Optionally, the communication system 100 may also include other network entities such as a network controller and a mobility management entity, which are not limited in this embodiment of the present application.

It should be understood that in the embodiments of this application, devices with communication functions in the network/system may be called communication devices. Taking the communication system 100 shown in Figure 1 as an example, the communication device may include a network device 110 and a terminal device 120 with communication functions. The network device 110 and the terminal device 120 may be the specific devices described above, which will not be described again here. ; The communication device may also include other devices in the communication system 100, such as network controllers, mobility management entities and other network entities, which are not limited in the embodiments of this application.

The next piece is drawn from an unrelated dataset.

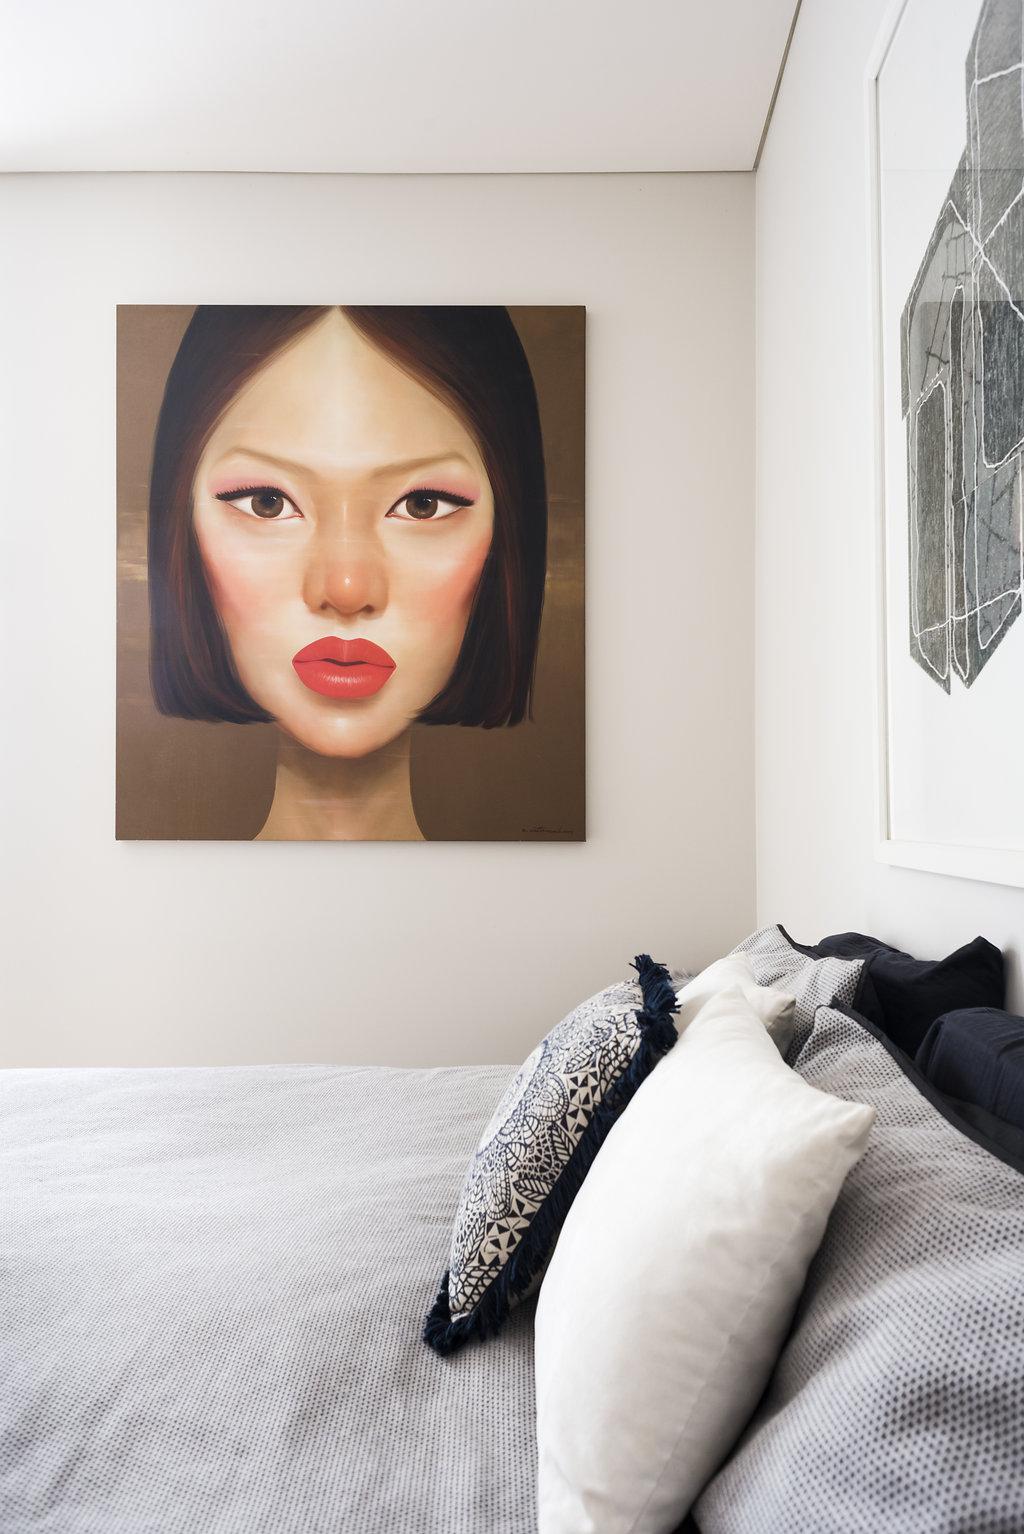 Master Bedroom artwork by Kowit Wattanarach
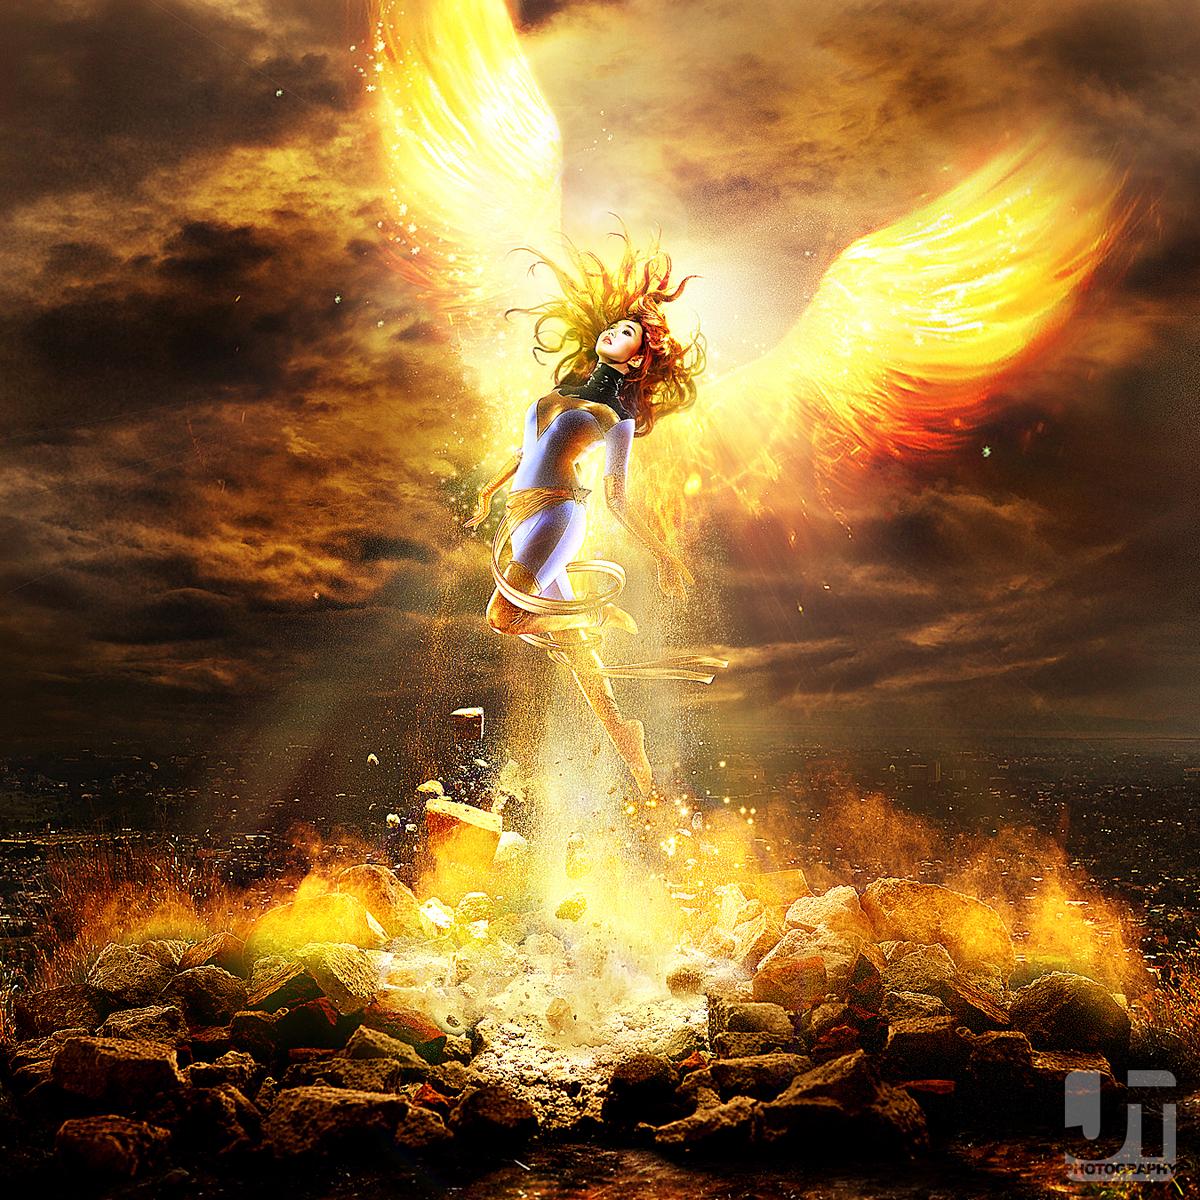 jay tablante unleashes white phoenix joris

It should be understood that the terms "system" and "network" are often used interchangeably herein. The term "and/or" in this article is just an association relationship that describes related objects, indicating that three relationships can exist. For example, A and/or B can mean: A exists alone, A and B exist simultaneously, and they exist alone. B these three situations. In addition, the character "/" in this article generally indicates that the related objects are an "or" relationship.

The embodiments of this application describe various embodiments in combination with terminal equipment and network equipment, where: the terminal equipment may also be called user equipment (User Equipment, UE), access terminal, user unit, user station, mobile station, mobile station, remote station, remote terminal, mobile device, user terminal, terminal, wireless communication equipment, user agent or user device, etc. The terminal device may be a station (ST) in the WLAN, a cellular phone, a cordless phone, a Session Initiation Protocol (SIP) phone, a Wireless Local Loop (WLL) station, or a personal digital processing unit. (Personal Digital Assistant, PDA) devices, handheld devices with wireless communication capabilities, computing devices or other processing devices connected to wireless modems, vehicle-mounted devices, wearable devices, and next-generation communication systems, such as terminal devices in NR networks or Terminal equipment in the future evolved Public Land Mobile Network (PLMN) network, etc.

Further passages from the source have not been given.